La SI rejoint donc le point de vue de [Nicolle, 2005] selon lequel le sens n’est jamais capturé par des représentations :

Comme pour parler du sens d’une expression, on utilise bien sûr une autre notation, ou une paraphrase, ou une traduction, le point de vue de Pierce sur l’objet du signe comme signe lui-même, en ce qu’il est partageable dans une communauté linguistique est précieux pour comprendre que le sens n’est jamais capturé par ses représentations. Toute représentation du sens est alors incomplète et il n’y a donc pas de langage formel qui puisse reproduire fidèlement le sens d’un énoncé en langue naturelle alors que tout énoncé formel peut être reformulé en langue naturelle.
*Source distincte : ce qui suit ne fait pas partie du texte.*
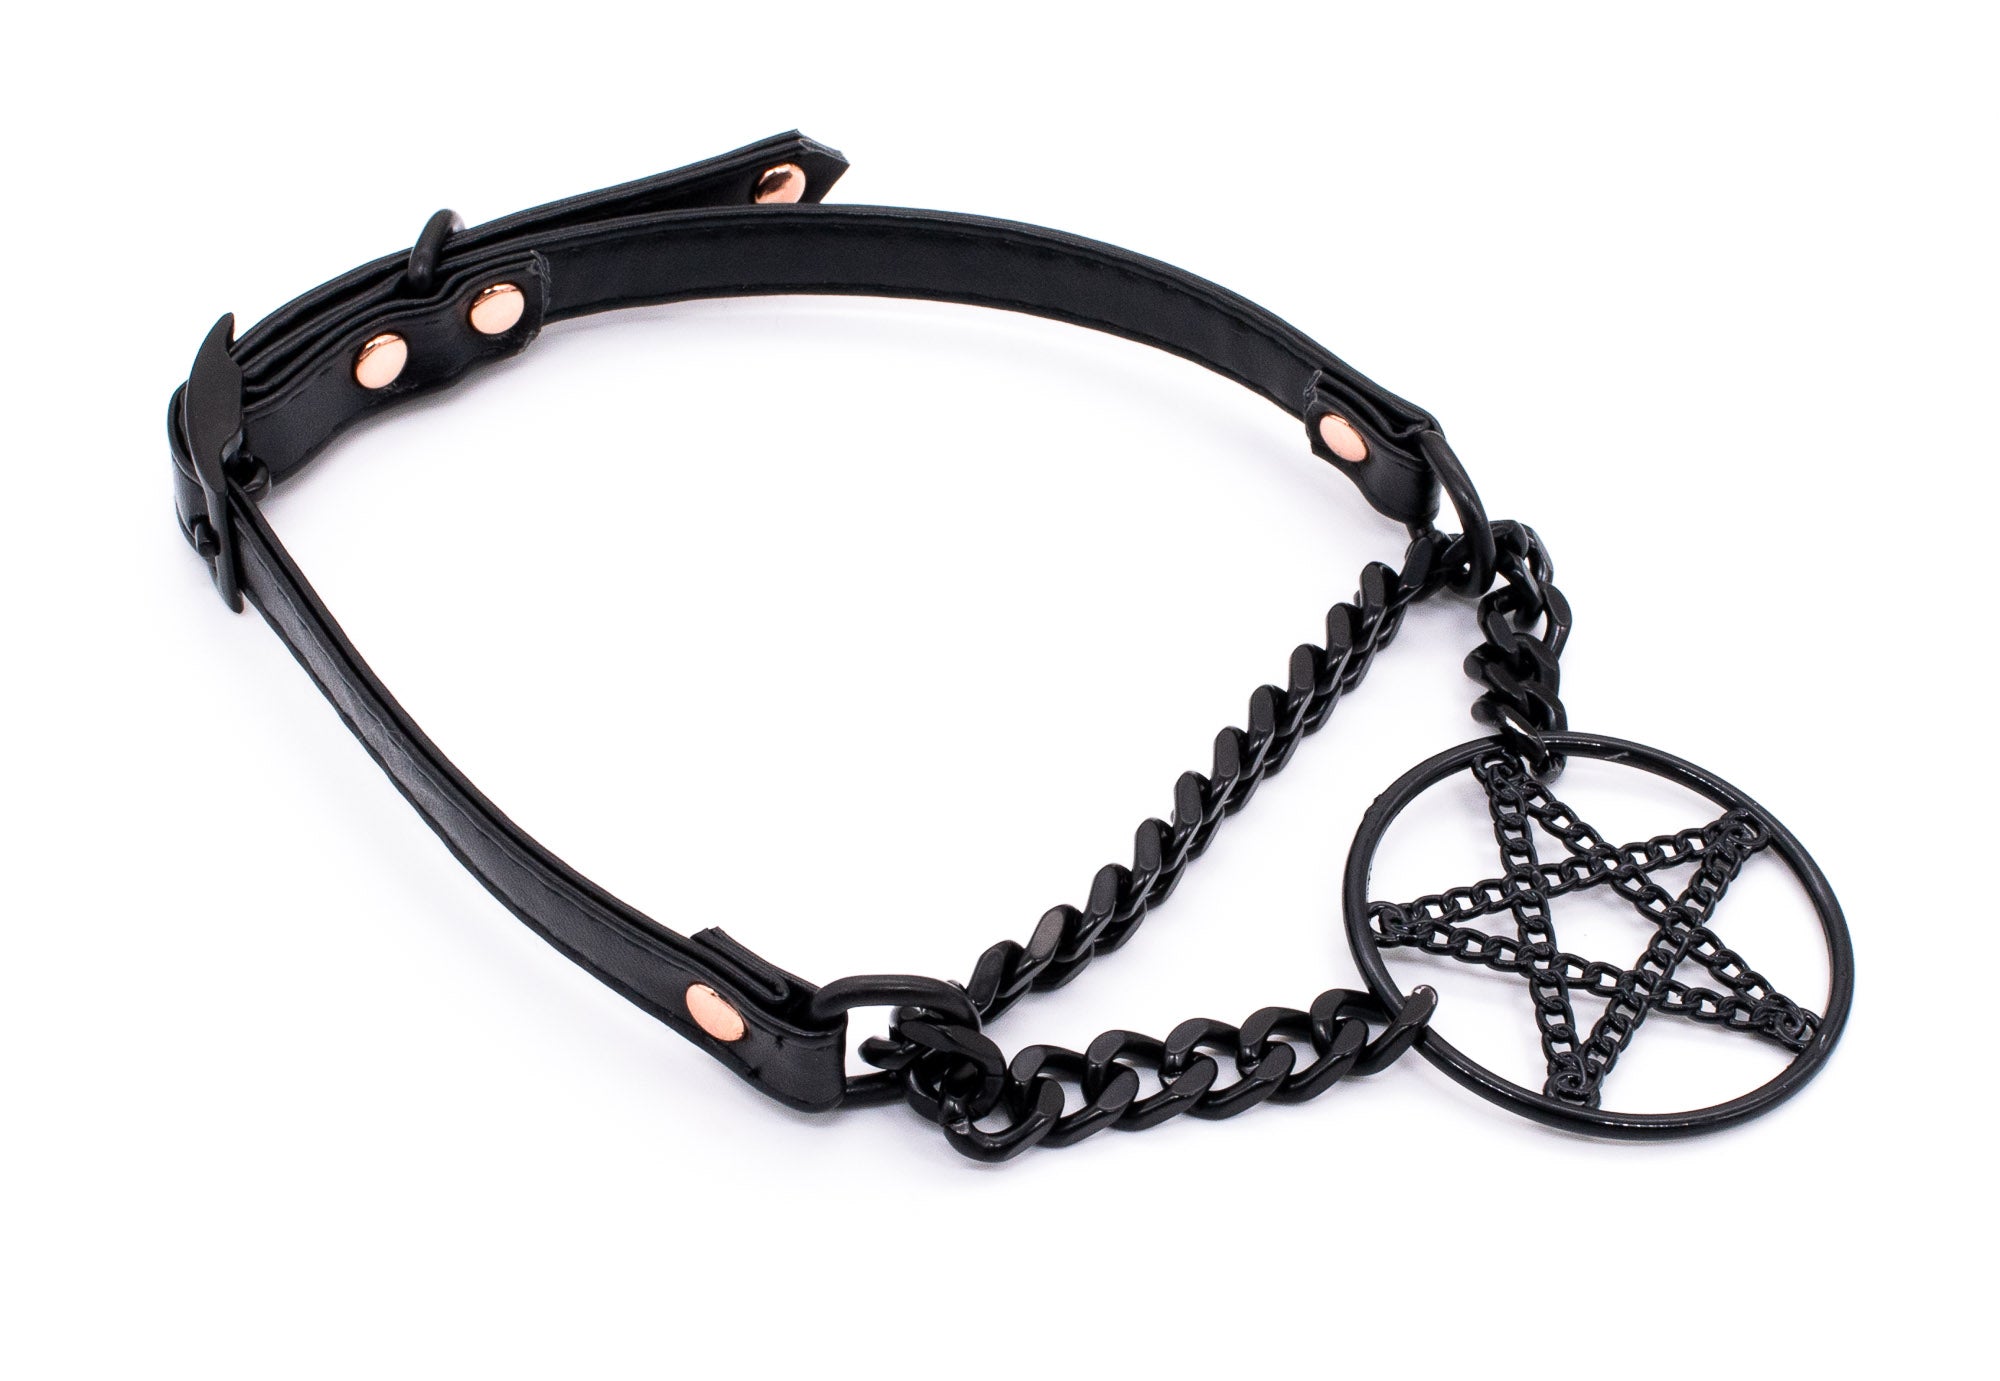 3/8" Black Inverted Pentagram Vegan Leather Martingale Collar in Rose Gold and Black

Anne Nicolle en tire la conséquence que la langue est un langage terminal : aucun autre langage ne peut parfaitement représenter la langue. En poursui-vant dans ce sens, Jacques Coursil [Coursil, 2000] définit les principes de non préméditation et de non consignation de la chaîne parlée. De tels principes expriment que les énoncés linguistiques prononcés par chacun ne sont ni entièrement construits avant leur prononciation, ni entièrement mémorisés après leur prononciation. Il est ainsi défendu un principe, que nous partageons, qu’il n’y a pas de forme non-linguistique du sens.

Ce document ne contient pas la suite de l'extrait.